Executor inputs and outputs
Package versions
The code on this page was developed using the following requirements. We recommend using these versions or newer.
qiskit[all]~=2.3.0
qiskit-ibm-runtime~=0.43.1
The Executor primitive is part of the directed execution model, which provides more flexibility when customizing an error mitigation workflow.
The inputs and outputs of the Executor primitive are very different from those of the Sampler and Estimator primitives. For example, instead of taking a list of PUBs as the input, Executor takes a QuantumProgram, which contains a list of QuantumProgramItem objects. These container classes give you more flexibility than a PUB, which is a simple tuple data structure.
Executor's output is a QuantumProgramResult, which is an iterable and contains one element for each input QuantumProgramItem.
Inputs: Quantum programs
As stated previously, the input to an Executor primitive is a QuantumProgram, which is an iterable of
QuantumProgramItem objects. These objects can be of two types:
CircuitItem, which typically stores a circuit and its parameter values (if any).SamplexItem, which typically stores the following:- A template circuit
- A samplex object, which is used to generate randomized sets of parameters at runtime (for example to perform twirling or inject noise)
- Arguments for the samplex, which might include parameter values for the original circuit
Each of these items represents a different task for Executor to perform.
Before you begin
Some of the code examples on this page use samplex, which is part of the Samplomatic package. Therefore, before running those code block, you must install Samplomatic, as shown in the following code block.
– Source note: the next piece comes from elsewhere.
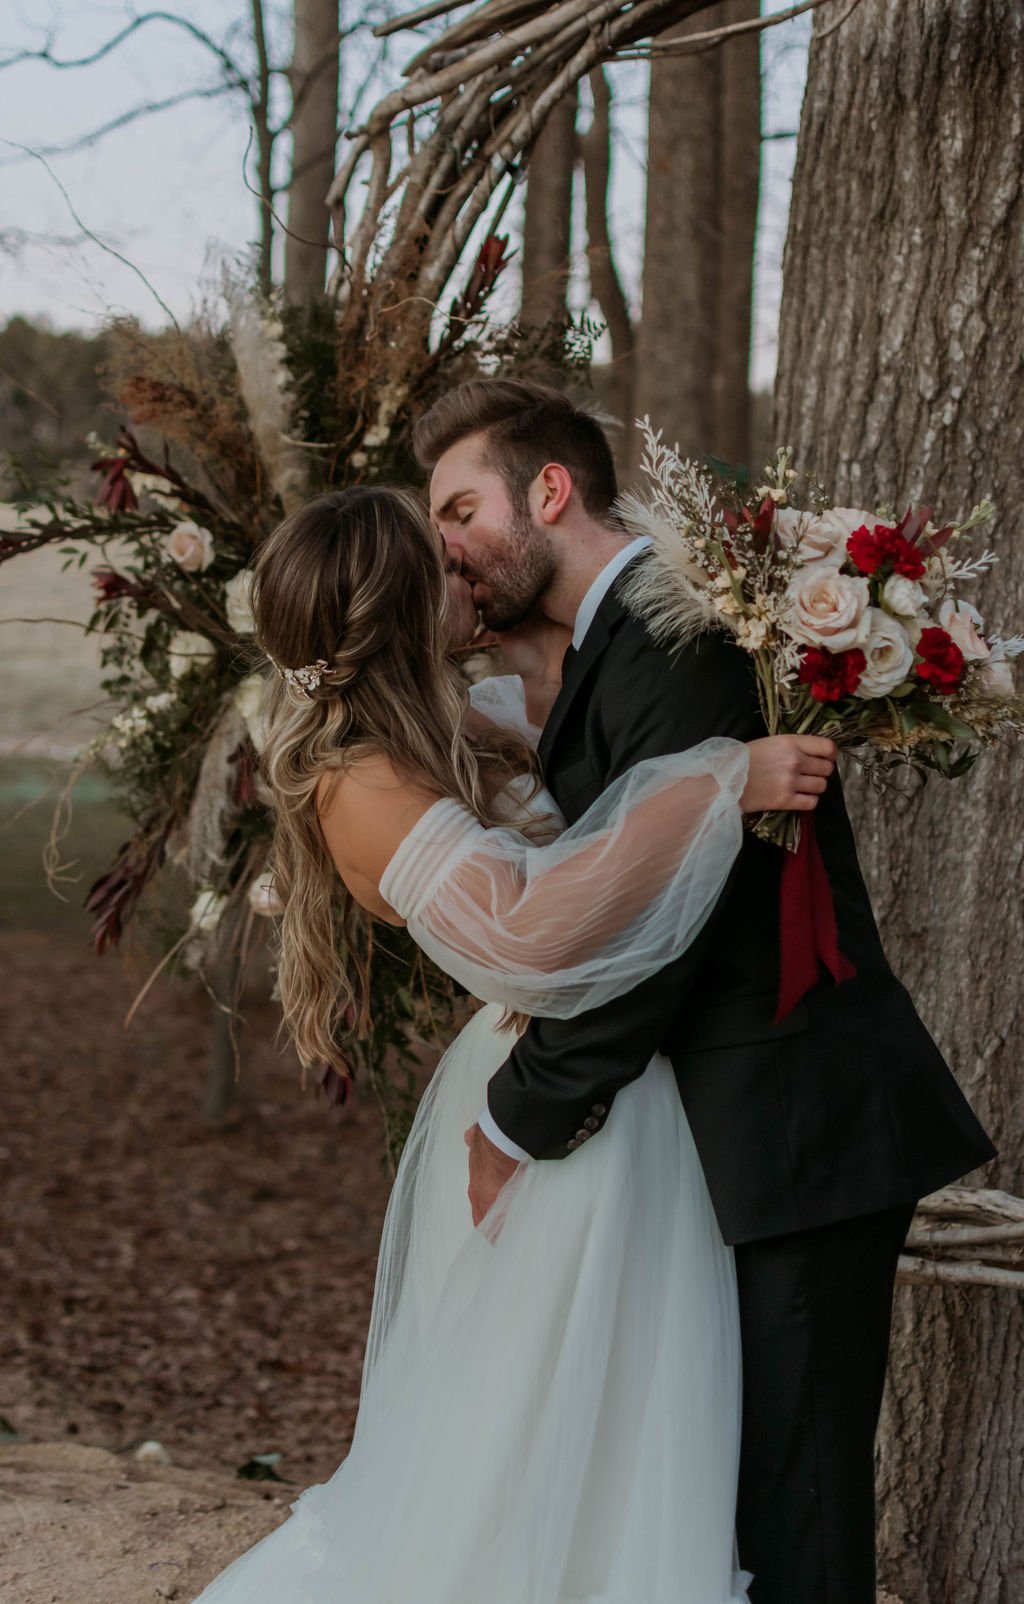 Alean-Leena-Armeria-Wedding-Dress-The-Meadows-Raleigh-17.jpg
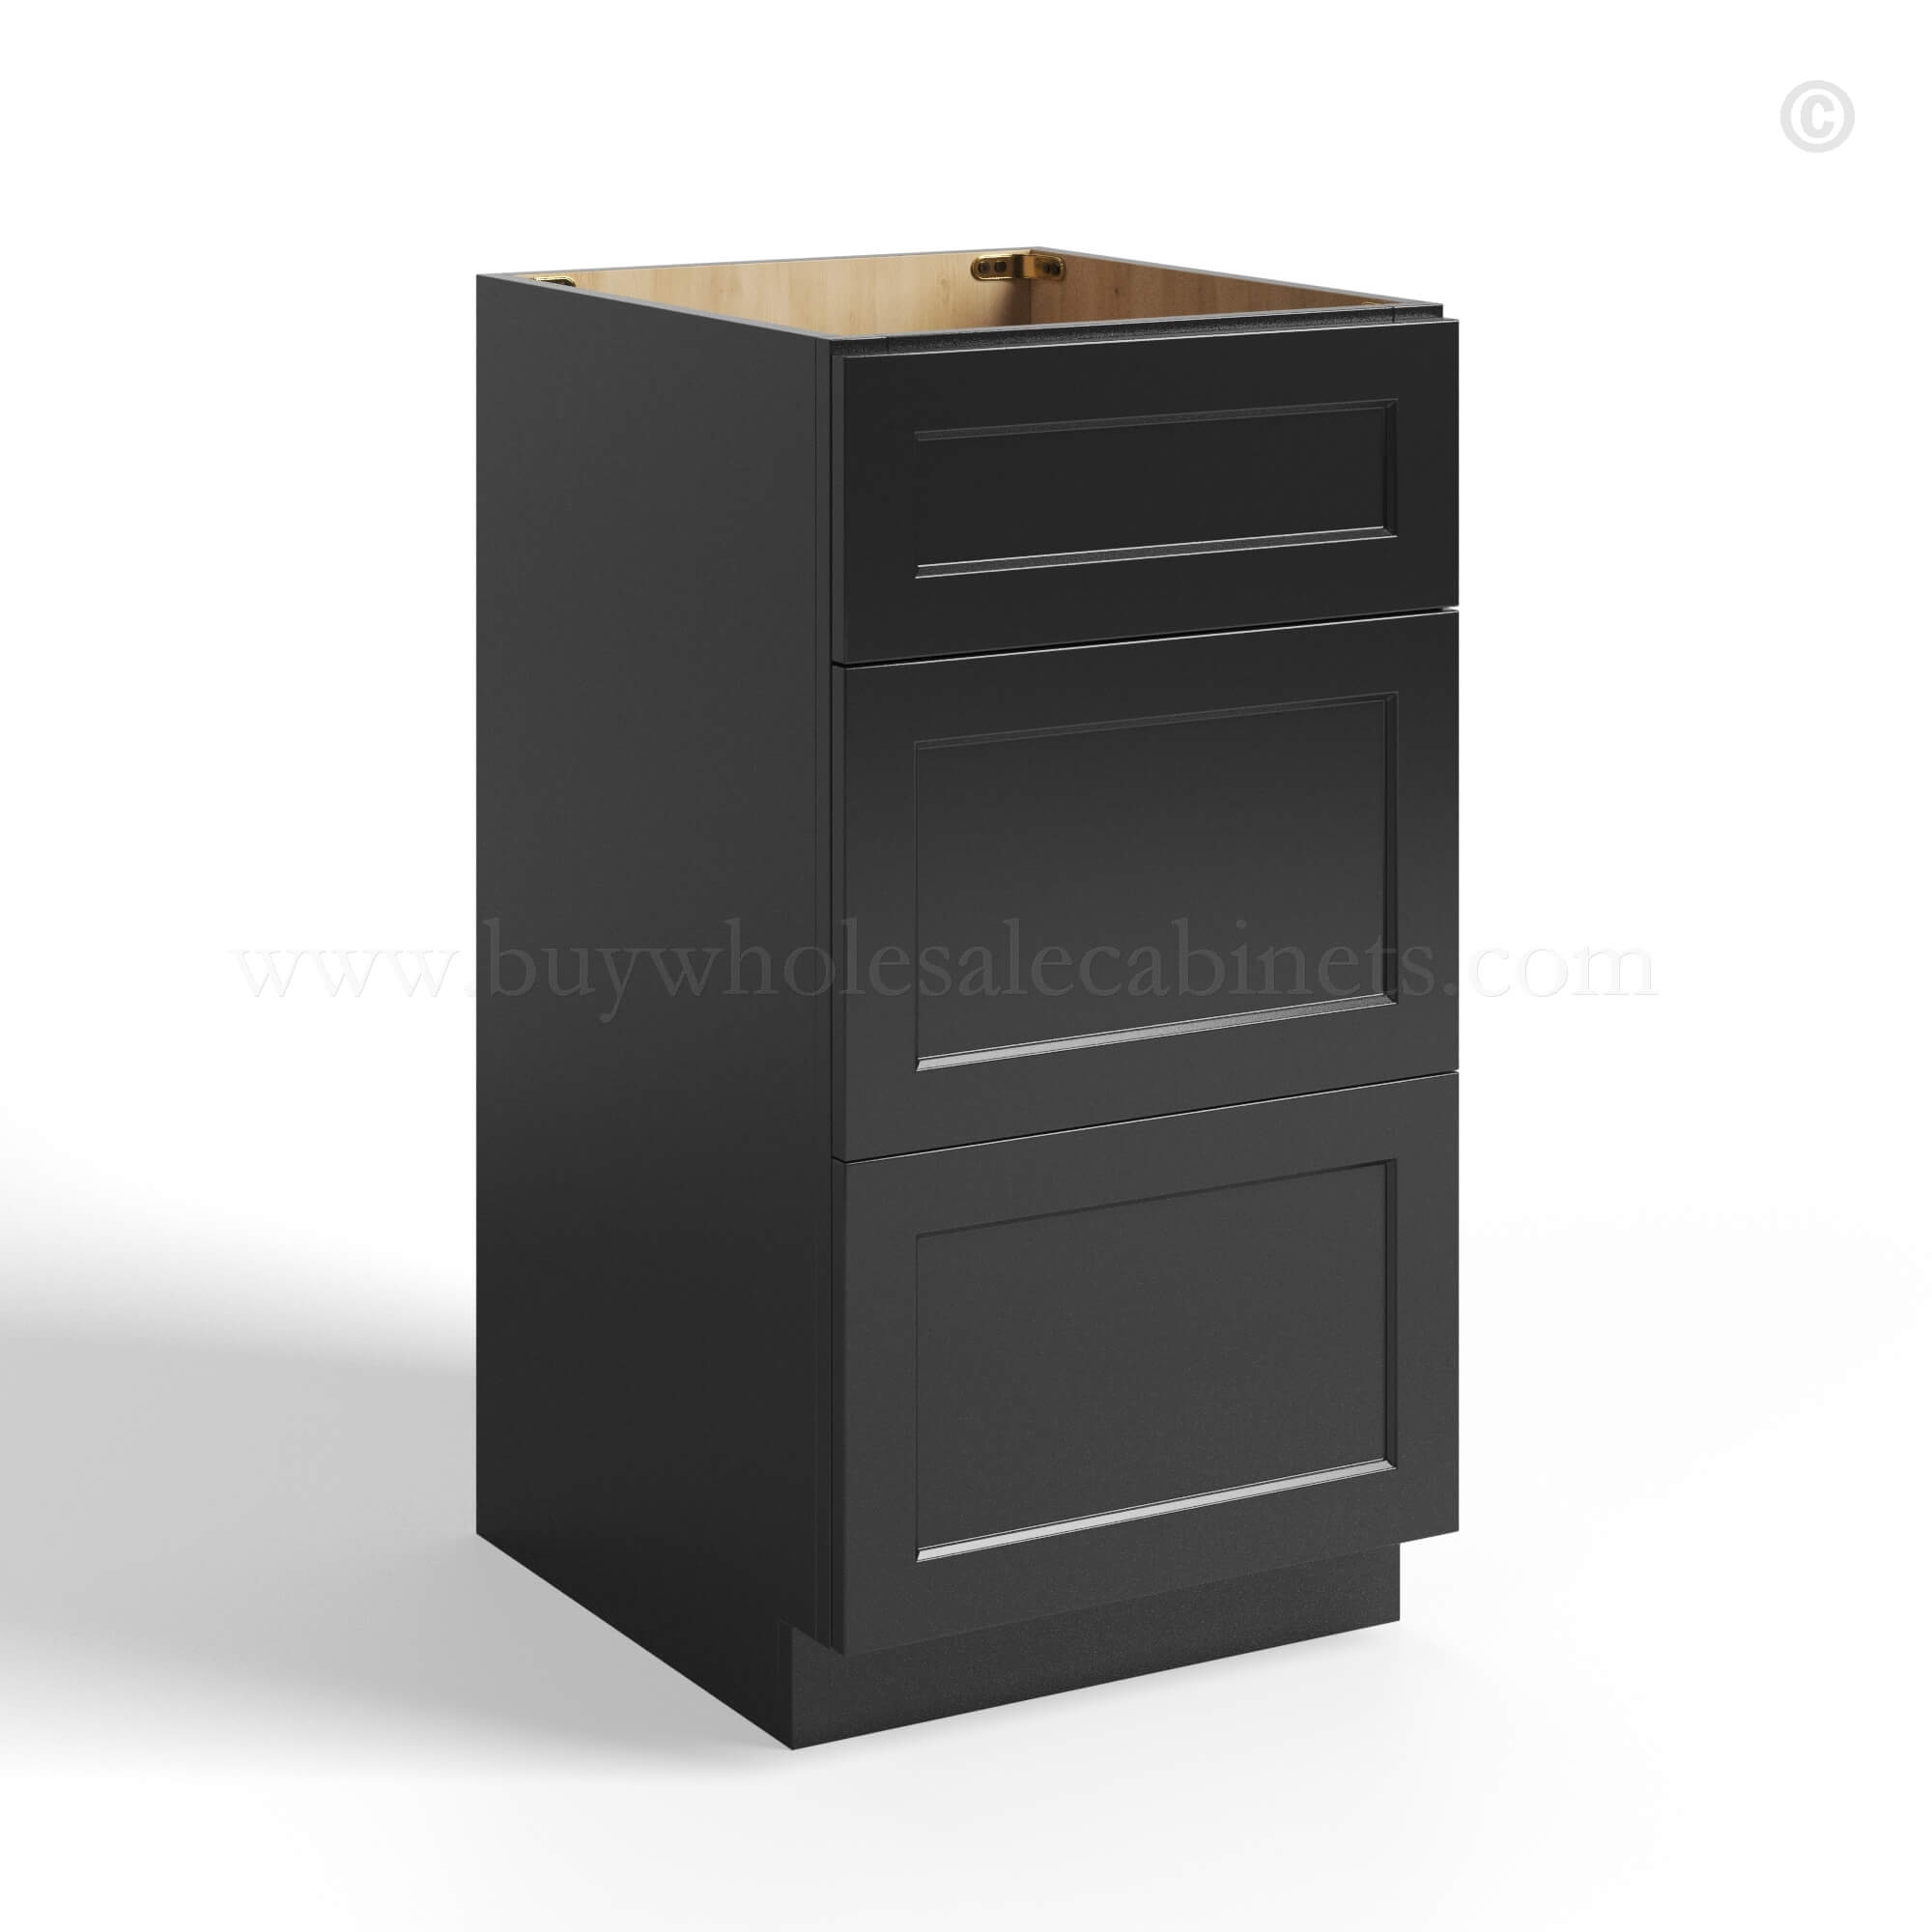 Black Shaker Vanity Drawer Base Cabinet, rta cabinets, wholesale cabinets

For more information, see the Samplomatic documentation.
pip install samplomatic
# For visualization support, include the visualization dependencies.
# pip install samplomatic[vis]Example: Create a QuantumProgram with two different tasks
First initialize your quantum program, then append program items to it by using either append_circuit_item or append_samplex_item (if a samplex is present), as shown in the following examples.
The following cell initializes a QuantumProgram and specifies that it should run 1024 shots for every configuration of each item in the program.
Unlike with Sampler, a QuantumProgram takes only a single shot value. If you want a different shot value, you need a separate QuantumProgram, which would be a separate job.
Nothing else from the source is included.